Page 22 of Mississippi Roll


  The deck was almost deserted except for three young men fussing over some handheld gizmo with blinking LEDs. They sported tribal tats, the one holding the gizmo with a backpiece sun so large that the tips of the rays crossed under the straps of his tank top, the topmost poking beneath a mass of blond curls. The tallest wore black and enough silver jewelry to stock a goth shop, displaying his tribal marks in a band around his upper left arm, and the shortest bore no obvious ink but wore a newsboy cap and carried an overlarge video camera.

  “Have—” Roger gasped. “Have you seen a raven?”

  They stared. “Says ‘Nevermore’?” asked the Person in Black with the inked armband.

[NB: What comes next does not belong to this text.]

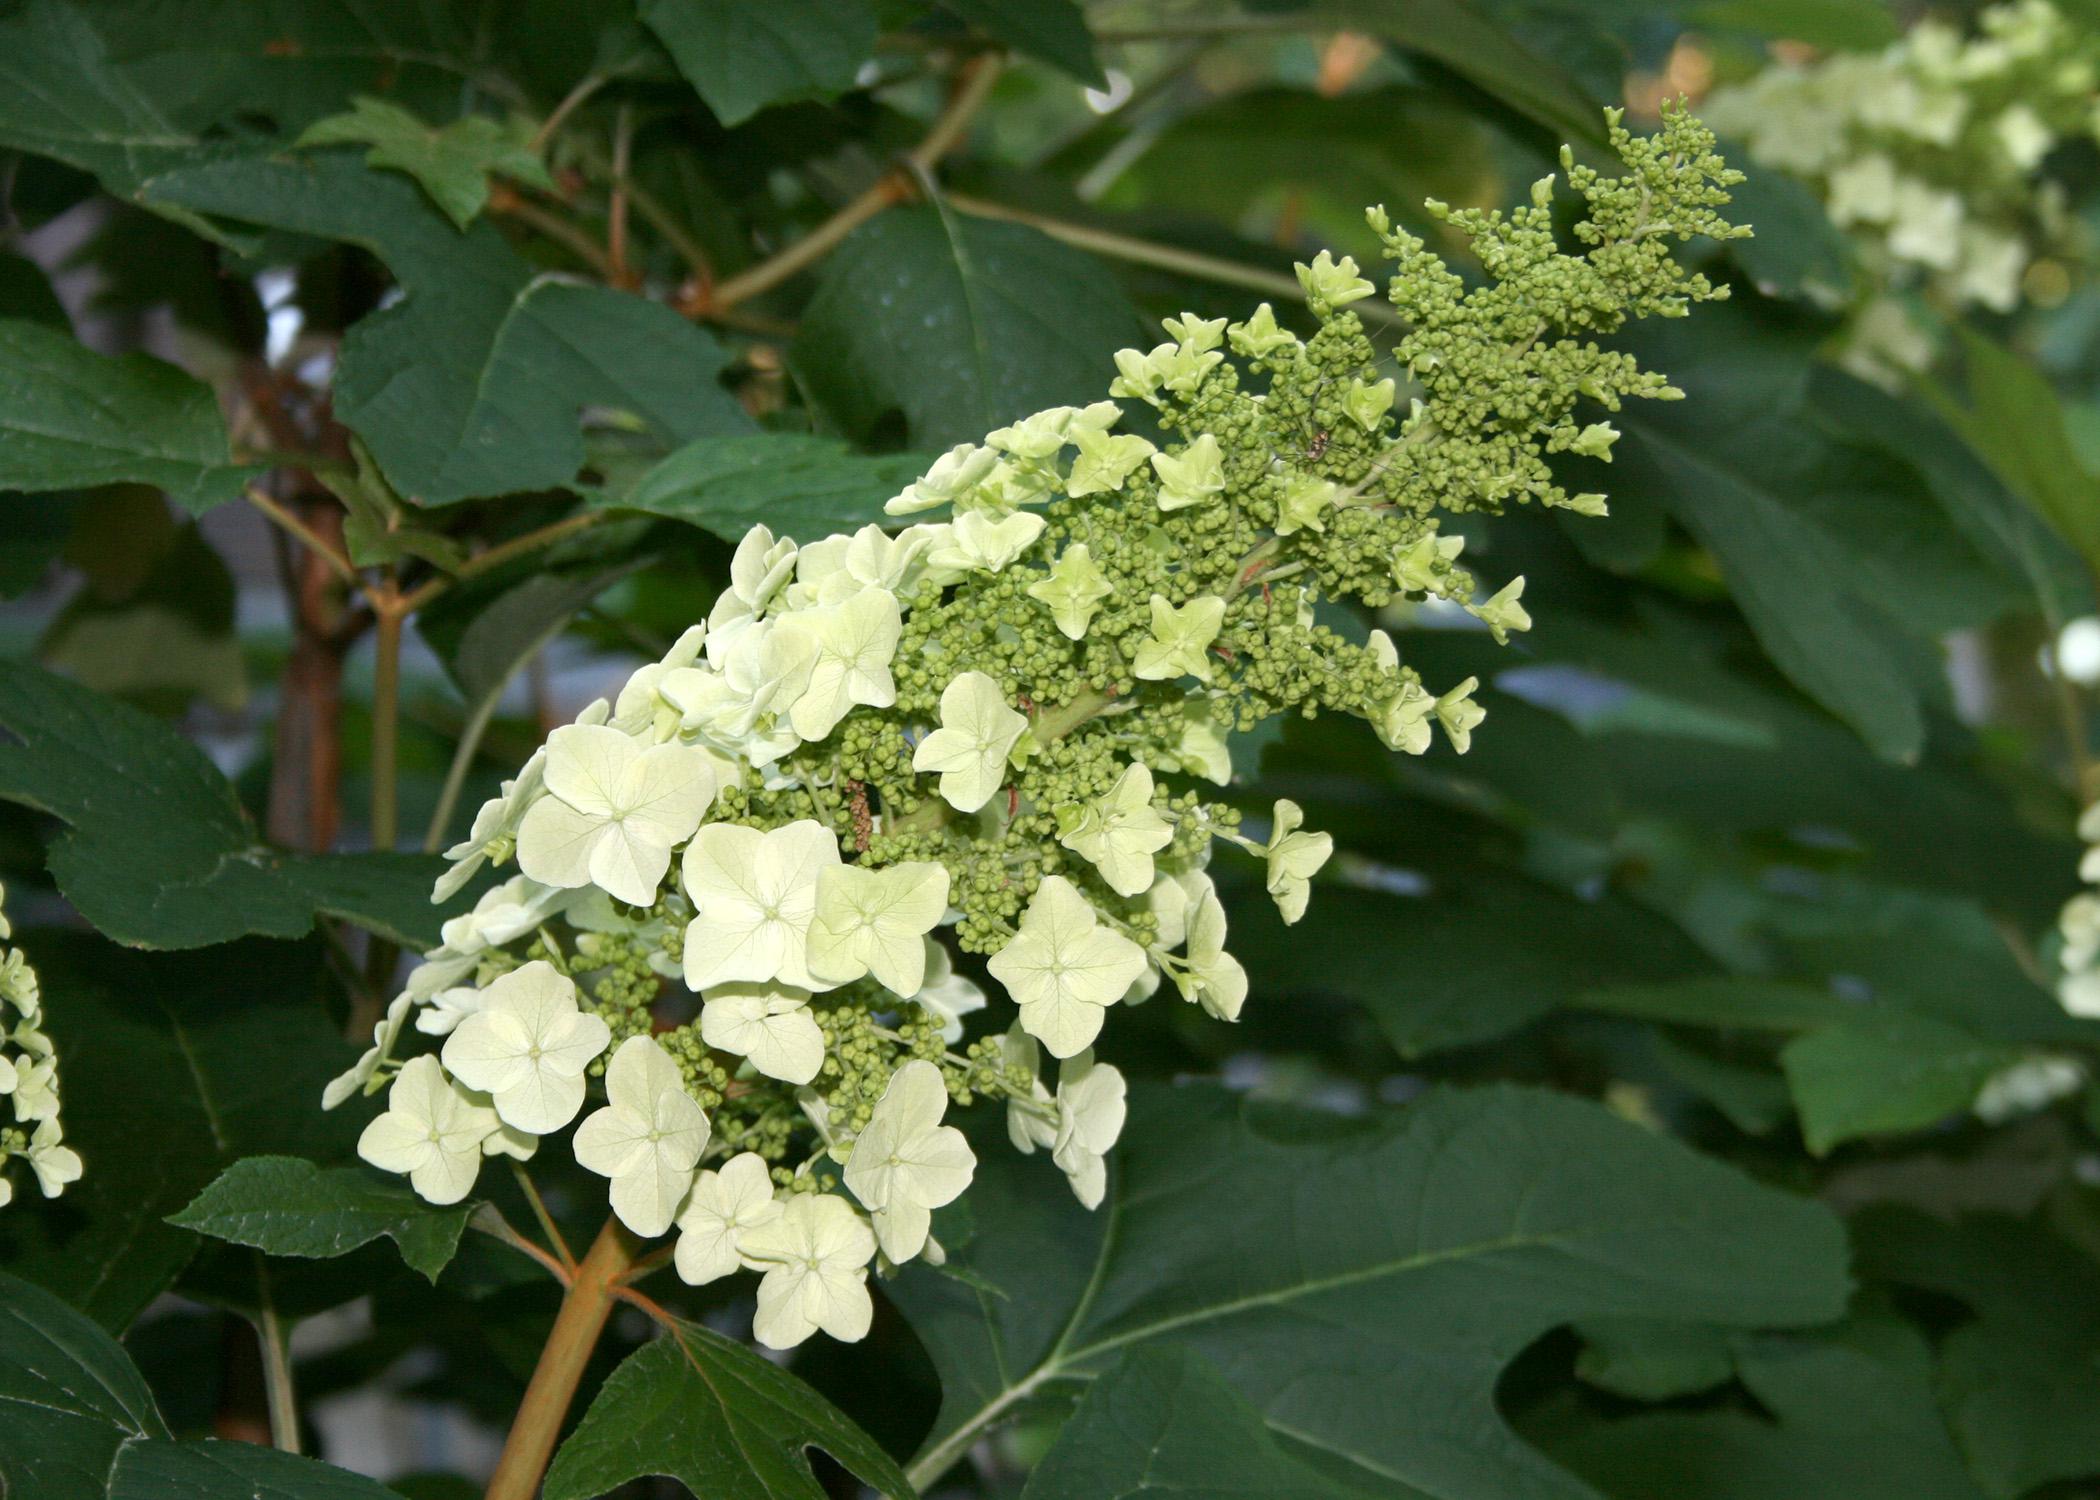 Oakleaf hydrangea flowers are clusters made up of smaller, individual flowers growing in a cone shape. They start white and transition to pink shades. (Photo by MSU Extension Service/Gary Bachman)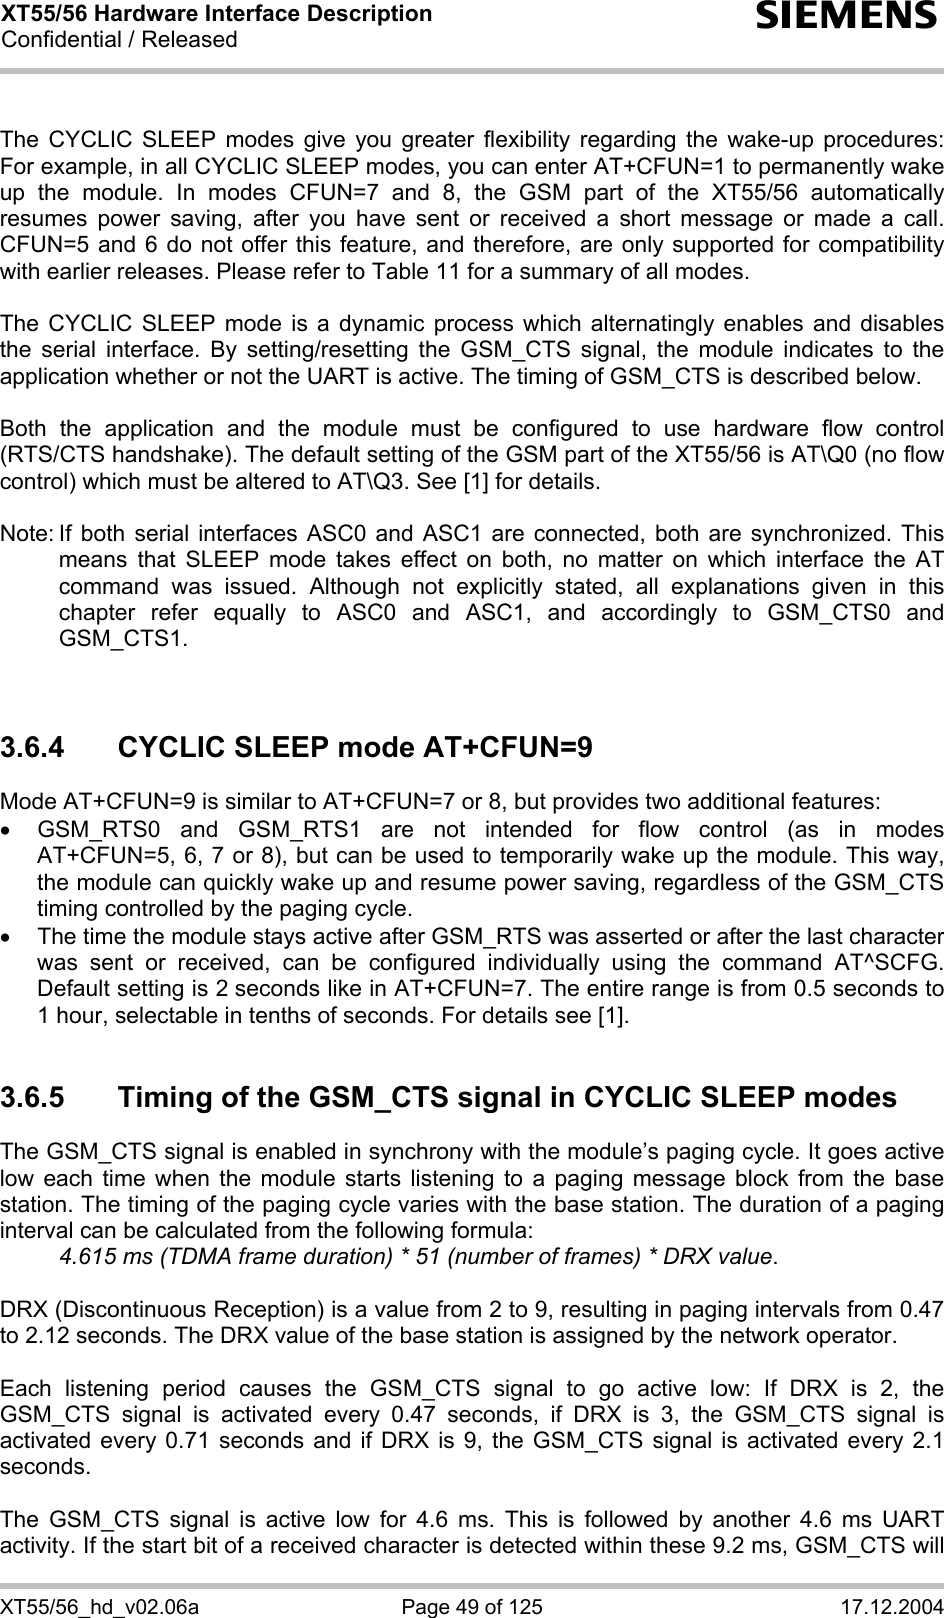 XT55/56 Hardware Interface Description Confidential / Released s XT55/56_hd_v02.06a  Page 49 of 125  17.12.2004  The CYCLIC SLEEP modes give you greater flexibility regarding the wake-up procedures: For example, in all CYCLIC SLEEP modes, you can enter AT+CFUN=1 to permanently wake up the module. In modes CFUN=7 and 8, the GSM part of the XT55/56 automatically resumes power saving, after you have sent or received a short message or made a call. CFUN=5 and 6 do not offer this feature, and therefore, are only supported for compatibility with earlier releases. Please refer to Table 11 for a summary of all modes.  The CYCLIC SLEEP mode is a dynamic process which alternatingly enables and disables the serial interface. By setting/resetting the GSM_CTS signal, the module indicates to the application whether or not the UART is active. The timing of GSM_CTS is described below.   Both the application and the module must be configured to use hardware flow control (RTS/CTS handshake). The default setting of the GSM part of the XT55/56 is AT\Q0 (no flow control) which must be altered to AT\Q3. See [1] for details.  Note: If both serial interfaces ASC0 and ASC1 are connected, both are synchronized. This means that SLEEP mode takes effect on both, no matter on which interface the AT command was issued. Although not explicitly stated, all explanations given in this chapter refer equally to ASC0 and ASC1, and accordingly to GSM_CTS0 and GSM_CTS1.    3.6.4  CYCLIC SLEEP mode AT+CFUN=9 Mode AT+CFUN=9 is similar to AT+CFUN=7 or 8, but provides two additional features:  •  GSM_RTS0 and GSM_RTS1 are not intended for flow control (as in modes AT+CFUN=5, 6, 7 or 8), but can be used to temporarily wake up the module. This way, the module can quickly wake up and resume power saving, regardless of the GSM_CTS timing controlled by the paging cycle. •  The time the module stays active after GSM_RTS was asserted or after the last character was sent or received, can be configured individually using the command AT^SCFG. Default setting is 2 seconds like in AT+CFUN=7. The entire range is from 0.5 seconds to 1 hour, selectable in tenths of seconds. For details see [1].  3.6.5  Timing of the GSM_CTS signal in CYCLIC SLEEP modes The GSM_CTS signal is enabled in synchrony with the module’s paging cycle. It goes active low each time when the module starts listening to a paging message block from the base station. The timing of the paging cycle varies with the base station. The duration of a paging interval can be calculated from the following formula:  4.615 ms (TDMA frame duration) * 51 (number of frames) * DRX value.   DRX (Discontinuous Reception) is a value from 2 to 9, resulting in paging intervals from 0.47 to 2.12 seconds. The DRX value of the base station is assigned by the network operator.   Each listening period causes the GSM_CTS signal to go active low: If DRX is 2, the GSM_CTS signal is activated every 0.47 seconds, if DRX is 3, the GSM_CTS signal is activated every 0.71 seconds and if DRX is 9, the GSM_CTS signal is activated every 2.1 seconds.  The GSM_CTS signal is active low for 4.6 ms. This is followed by another 4.6 ms UART activity. If the start bit of a received character is detected within these 9.2 ms, GSM_CTS will

  Roger realized the camera was on as the one with the newsboy cap angled it toward him and he saw his reflection in the lens. “Yes.” He winced and the reflection did as well. Roger had carefully cultivated a devilish Vandyke, but mustache wax and pillows were not a good combination. He looked like hipster Mephistopheles after a bender.

  “Flew that way, Mr. Scratch.” The tall PiB pointed dramatically.

  “Thank you.”

  “All right, dudes.” Roger heard the PiB’s voice behind him as he turned and ran. “No ghosts this morning, but we just saw Poe’s raven being chased by the Devil.…”

  The boiler deck was deserted on the right, no ravens or persons apparent either way, and Roger was faced with a choice between the stairwell down to the main deck or the one up to the texas deck and Captain Montaigne’s cabin. “Lenore!” he cried again, projecting as loudly as he could. “Lenore!!”

  Cameo had had connections and had gotten him, Jim, Alec, and Paul into the High School of Performing Arts, where Roger had excelled at opera, a dramatic bass. “LENORE!!!” His voice echoed back to him, reflecting off the banks of the Mississippi, “Lenore … Lenore … Lenore,” and then a different word, like an old woman singing a roundelay response, “Nevermore!” and again “Nevermore!”

  The voice came from the deck below. Roger unclasped the chain with the metal sign CREW ONLY with a practiced ease, reclasping it behind himself without even looking, a magician’s fingers instinctively knowing the manipulation of links and chains.

  The main deck was the domain of Cottle, the chief engineer, and Ms. Potts, the head clerk. The boiler room lay up ahead, along with Potts’s payroll office and an endless profusion of cupboards and storage closets lining the claustrophobic hallway down the spine of the boat. The air was thick and hot with steam, and Roger’s bare feet stung with the warmth, sensation returning after the chill of the perversely named boiler deck. “Lenore!” he called again, then listened.

  Clanks and rattles sounded in the dimness, the only illumination being the eerie green glow of an exit sign pointing the way back out, tinting the tendrils of steam the same hue as an art nouveau absinthe poster.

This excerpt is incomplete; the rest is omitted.